Suffisamment instruits en calcul de gestion, ils vont refuser ce système et se révolter comme cela se passait quelques décennies plus tôt sous la Révolution. Le tarif sinon il vaut mieux préférer mourir que d’accepter cette spoliation du travail : la revendication ne pouvait pas être plus légitime, justifiée qu’elle était par l’augmentation des cadences.
La monarchie va réprimer cruellement cette révolte. Les frères de Louis XVI et les nobles ont là une occasion de prendre leur revanche. Ils vont appliquer le droit de propriété individuelle de 1789 et en cela ils vont respecter ce droit fondamental obtenu par le peuple français mais ce droit va servir maintenant à fonder leur monopole sur la propriété des moyens de production et les profits tirés des gains de productivité. Une armée royale de 26 000 hommes mettra fin à la première révolte de 1831. En 1834, lors de la seconde révolte, l’armée devra tirer au canon pour réduire les insurgés.

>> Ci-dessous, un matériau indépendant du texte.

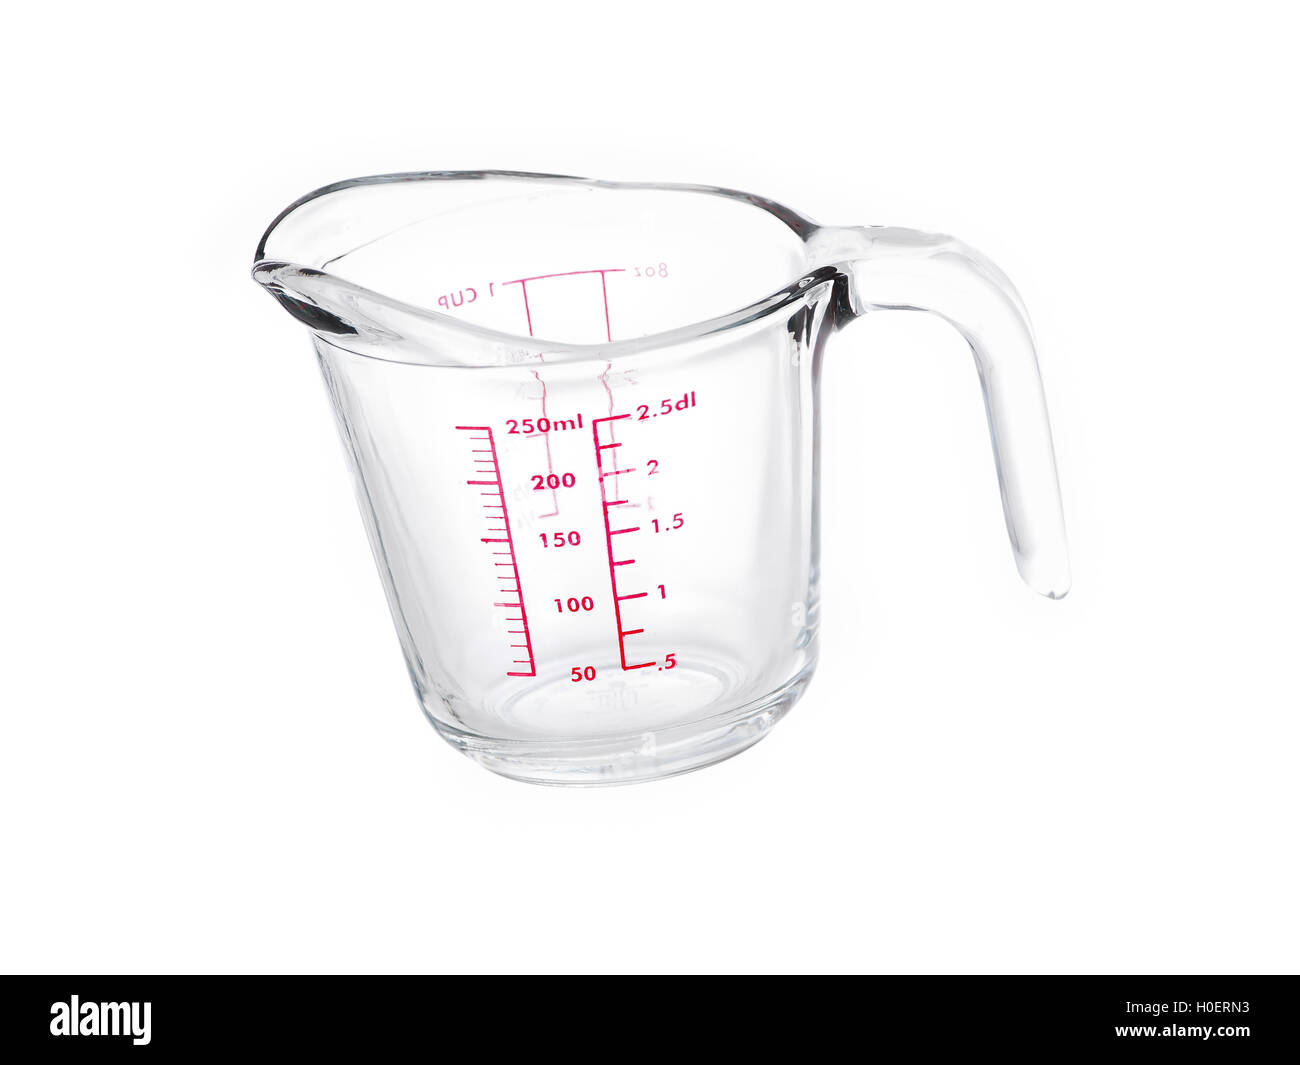 Glass mesuring cup on pure white background Stock Photo
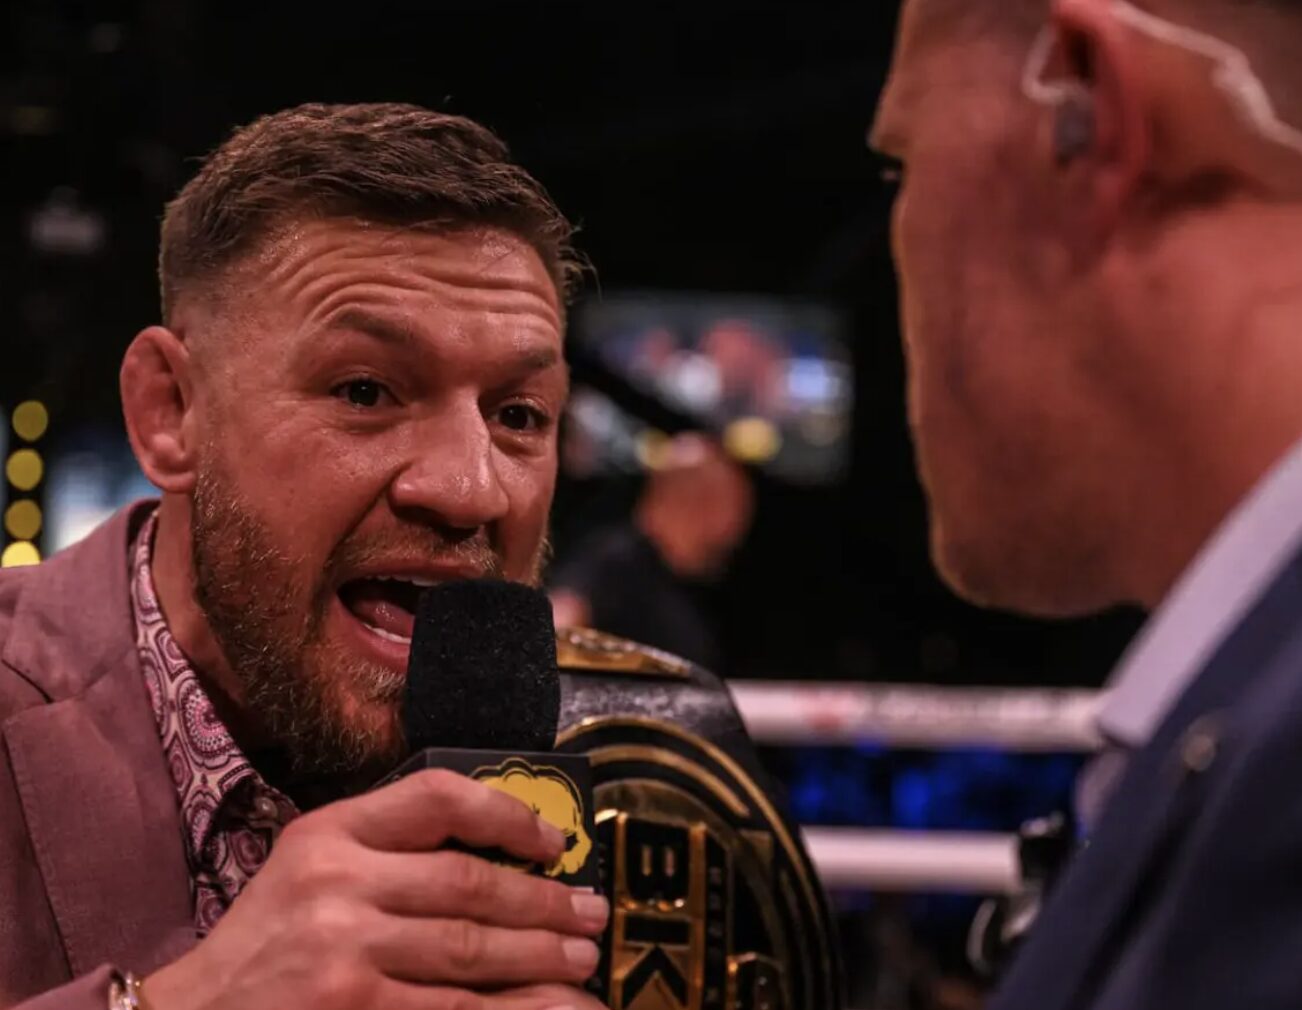 McGregor On Course To Overtake Dana White After Announcing BKFC Ownership

Le capitalisme viendra systématiser ce mode de calcul : la fixation du salaire doit être libre en fonction du marché afin de respecter le droit de propriété individuel des entrepreneurs. Alors que l’exode rural s’installe au profit des usines et des villes, ceux qui refusent la diminution du tarif doivent s’en aller et laisser place aux paysans qui se présentent aux portes des usines et qui eux seront bien obligés d’accepter le nouveau tarif, surtout s’ils ne connaissent rien au monde de l’usine.
L’épreuve de force de 1831 menée par les industriels ne réussit que par la peur de la Monarchie de revoir les révoltes populaires instaurées une nouvelle république capable de protéger la propriété du travail des citoyens et remettre en place une propriété collective organisée par la communauté des ouvriers.
L’armée devint ainsi, mieux que la religion catholique, le véritable défenseur du système de pouvoir. En préférant se reposer sur les soldats plutôt que sur les salariés, le pouvoir s’engagea aussi dans une voie criminelle qui allait lui permettre de sacrifier de plus en plus de soldats pour conforter son système.
La révolution de 1848 instaurera les Ateliers Nationaux, véritable retour à une propriété collective pour les ouvriers mais les lois économiques et la concurrence du système capitaliste, le manque d’esprit d’entreprise parmi la population depuis le départ des protestants, ne permettront pas à cette révolution d’aboutir à un réel progrès.
Plutôt que de voir le retour de la Monarchie, le peuple et l’armée préféreront le retour à un pouvoir napoléonien. La république bourgeoise de 1871 poursuivra cette voie et sans scrupule massacrera la Commune de Paris et toute discussion sur son système de pouvoir au service des capitalistes.